You are given a string s of lowercase English letters and an array widths, where widths[0] represents the width of the character 'a', widths[1] represents the width of the character 'b', and so on. Describe how many lines have been written and the width used in the last line given.

The paper has a set width of 100 units, and strings are written from left to right on the paper without any spaces. Each substring fits as many words as possible without exceeding the width 100 units.

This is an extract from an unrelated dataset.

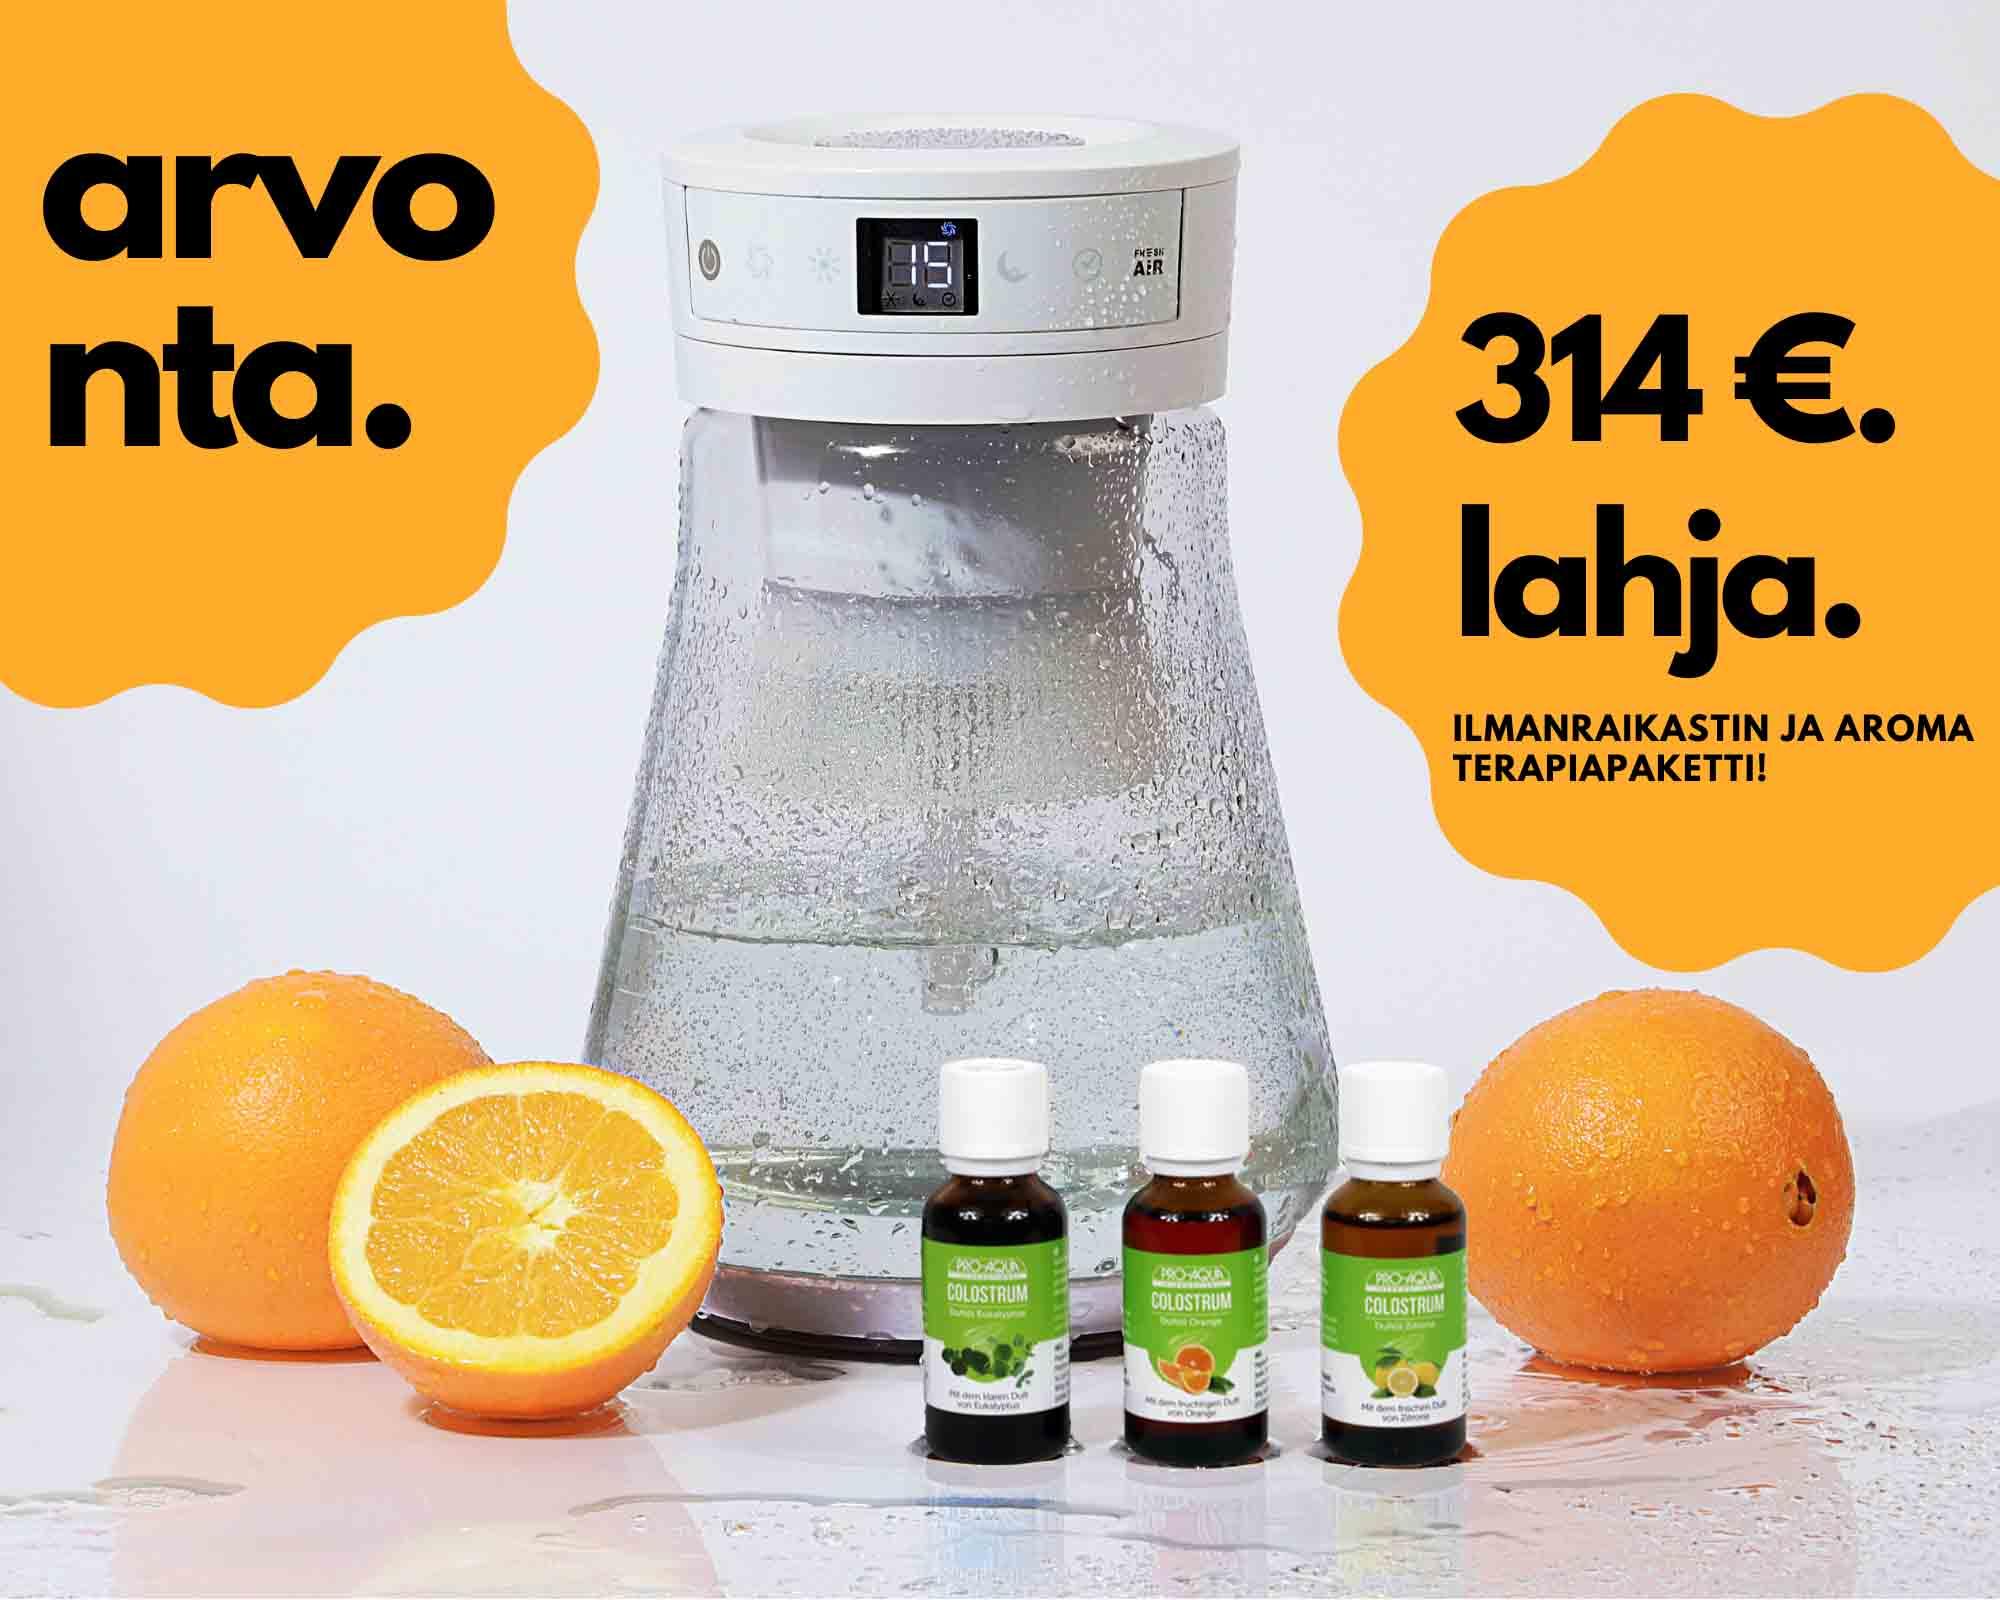 PRO-AQUA Arvonta 2021 Maaliskuu Ilmanraikastin ja aromaterapiapaketti
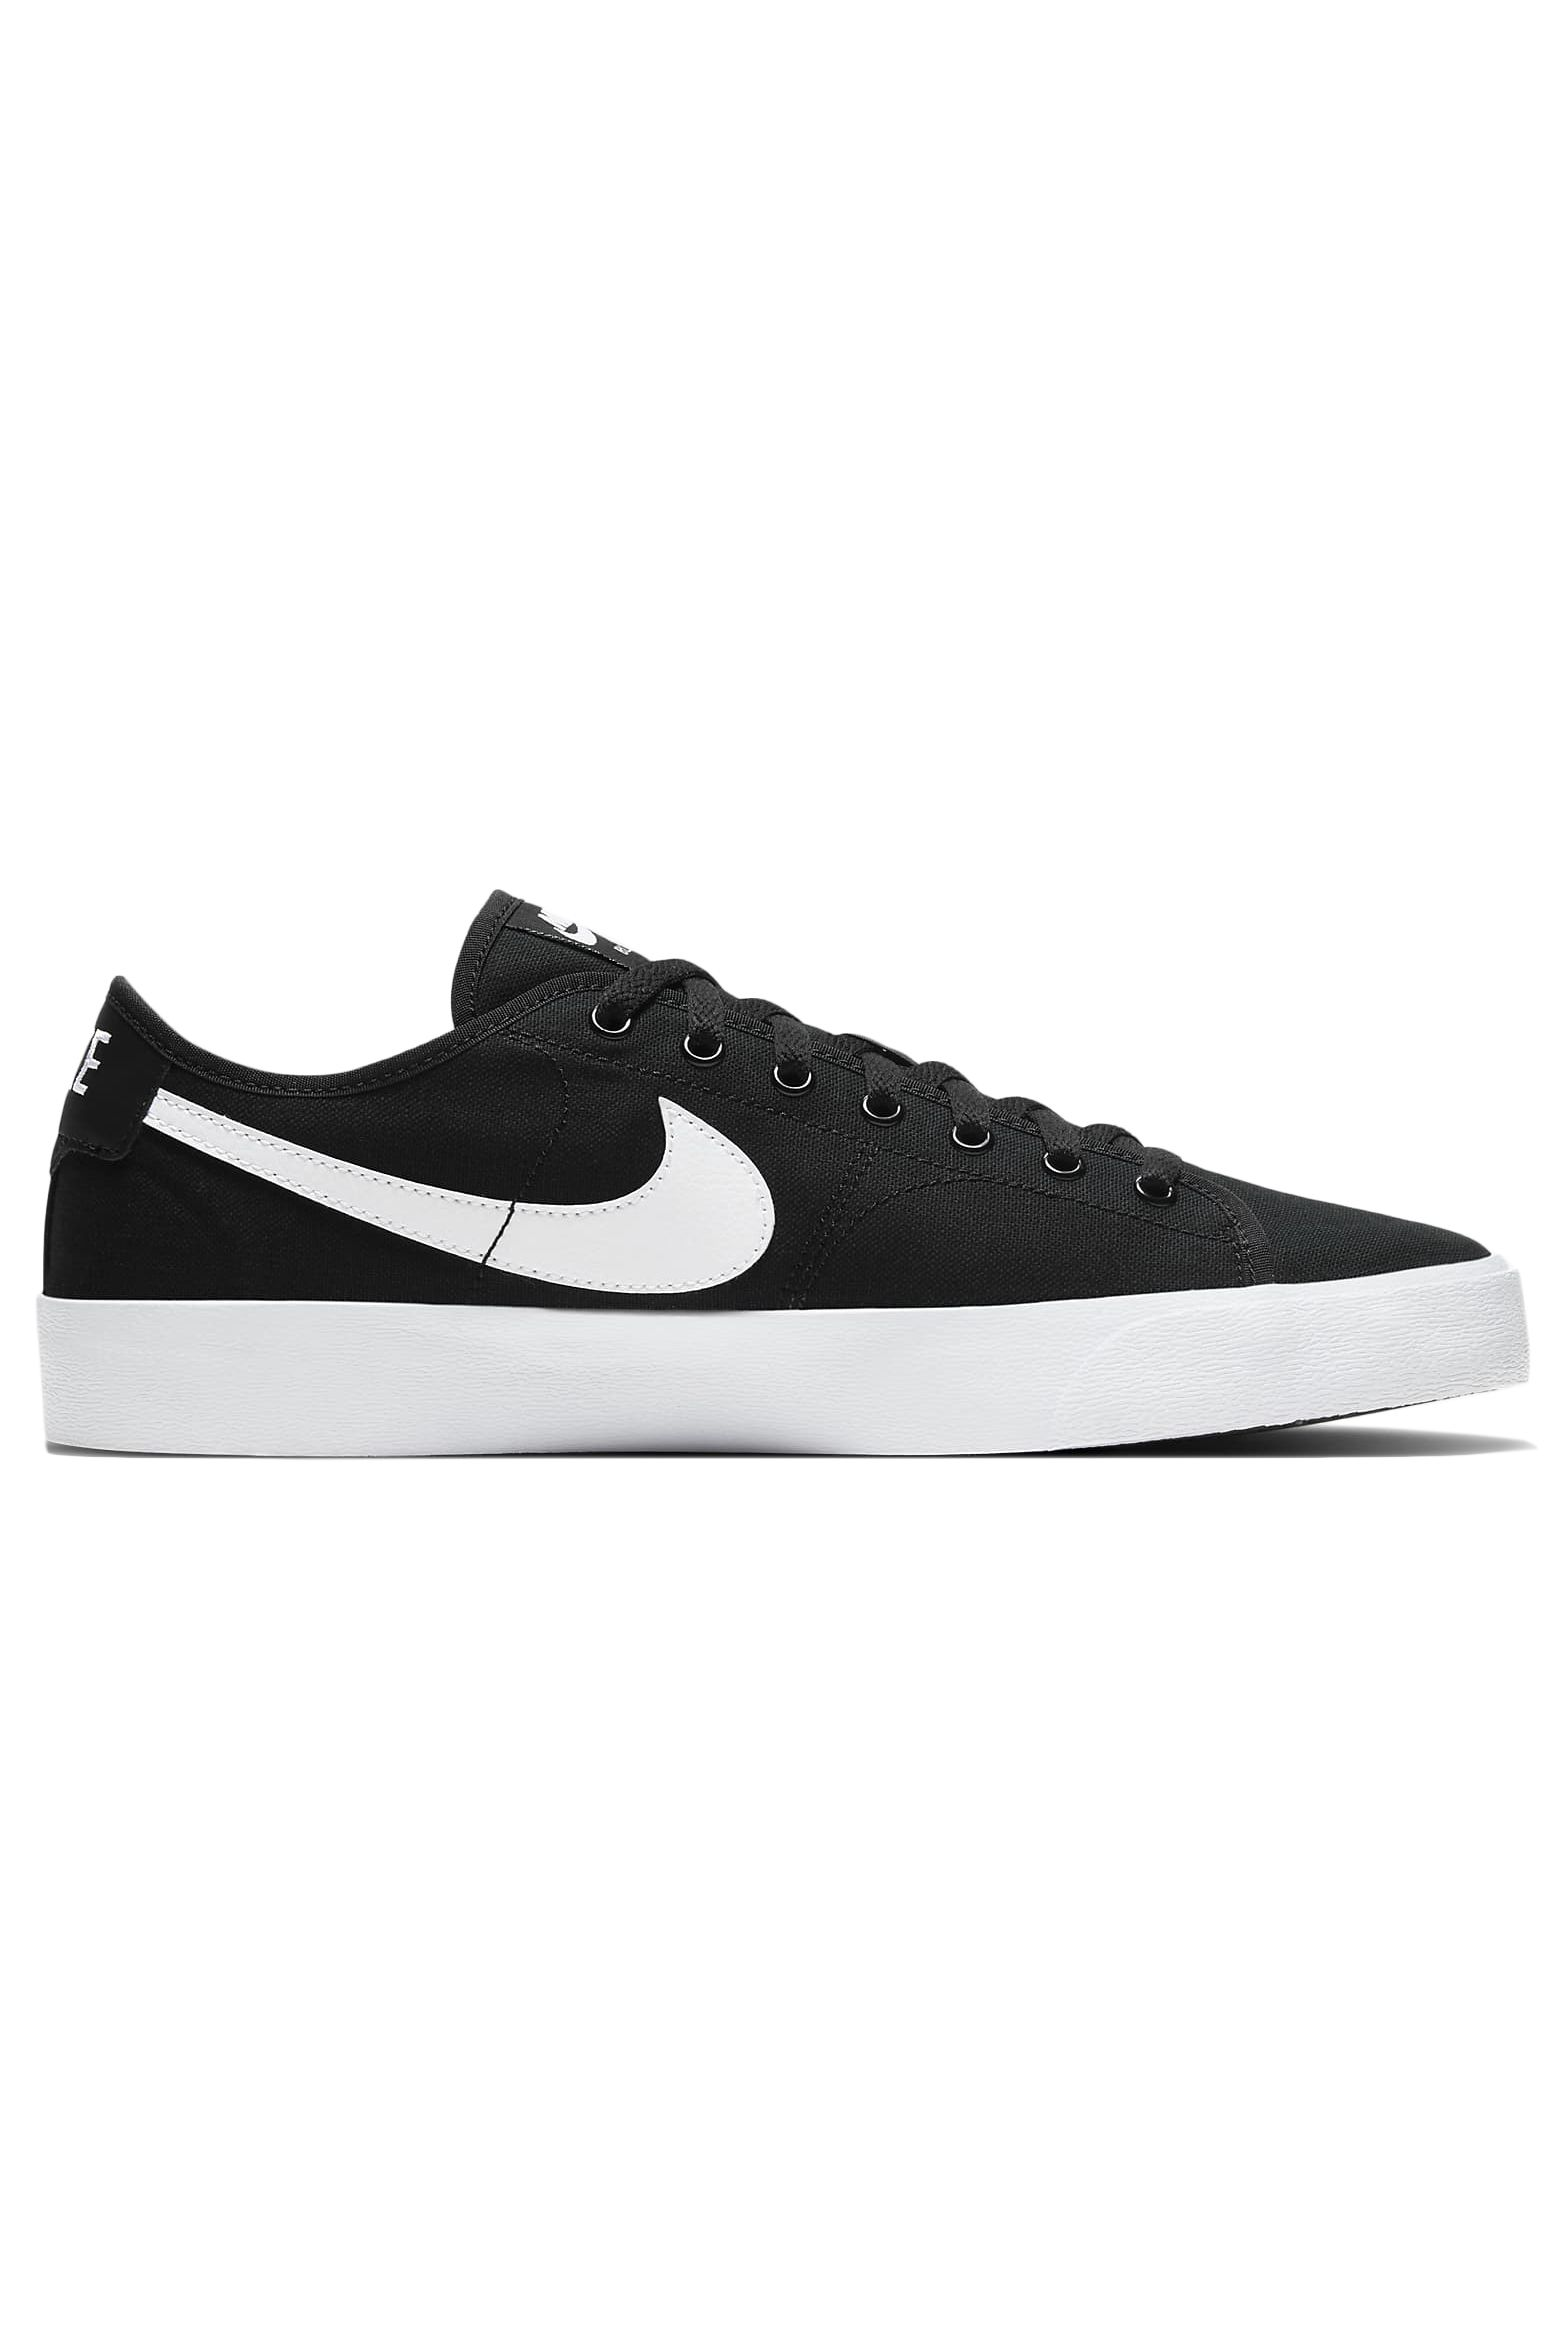 Nike Sb Shoes BLAZER COURT Black/White-Black-Gum Light Brown

You need to output an array resulted with two integers:

• The first integer is the number of lines needed to write the string s.
• The second integer is the width used in the last line.

Clarifying Questions

1. Can the string be empty?
   • Assume the string s will not be empty.
2. Will the array widths always have exactly 26 elements?
   • Yes, assume the widths array always has 26 elements.
3. What should happen if a single character’s width exceeds 100 units?
   • Since the input guarantees that it’s a lowercase English letter and the problem description does not specify this edge case, assume no single character will exceed 100 units in width.

Strategy

1. Initialize lines to 1 because at least one line will be required to start writing.
2. Initialize current_width to 0 as nothing has been written yet.
3. Iterate over each character in the string s:
   • Calculate the width of the current character from the widths array.
   • Check if adding this character’s width to current_width exceeds 100 units:
     • If it does, increment lines by 1 and reset current_width to the width of the current character.
     • If it does not, add the character’s width to current_width.
4. Return the number of lines and the width of the last line as an array of two integers.

Code

#include <vector>
#include <string>

std::vector<int> numberOfLines(std::vector<int>& widths, std::string s) {
    int lines = 1;
    int current_width = 0;
    
    for (char c : s) {
        int width = widths[c - 'a'];
        if (current_width + width > 100) {
            lines++;
            current_width = width;
        } else {
            current_width += width;
        }
    }
    
    return {lines, current_width};
}

Time Complexity

• O(n) where n is the length of the string s:
  • We iterate through each character in the string exactly once, making a constant time lookup in the widths array and performing constant-time arithmetic operations. Hence the time complexity is linear in relation to the length of the string s.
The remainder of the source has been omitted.